MATERIAL PROVIDED:

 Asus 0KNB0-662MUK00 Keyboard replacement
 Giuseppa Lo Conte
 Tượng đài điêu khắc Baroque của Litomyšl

ASSIGNMENT: Reproduce all of the listing, exactly as given.

PROBLEM SOLUTION:
 Asus 0KNB0-662MUK00 Keyboard replacement
 Giuseppa Lo Conte
 Tượng đài điêu khắc Baroque của Litomyšl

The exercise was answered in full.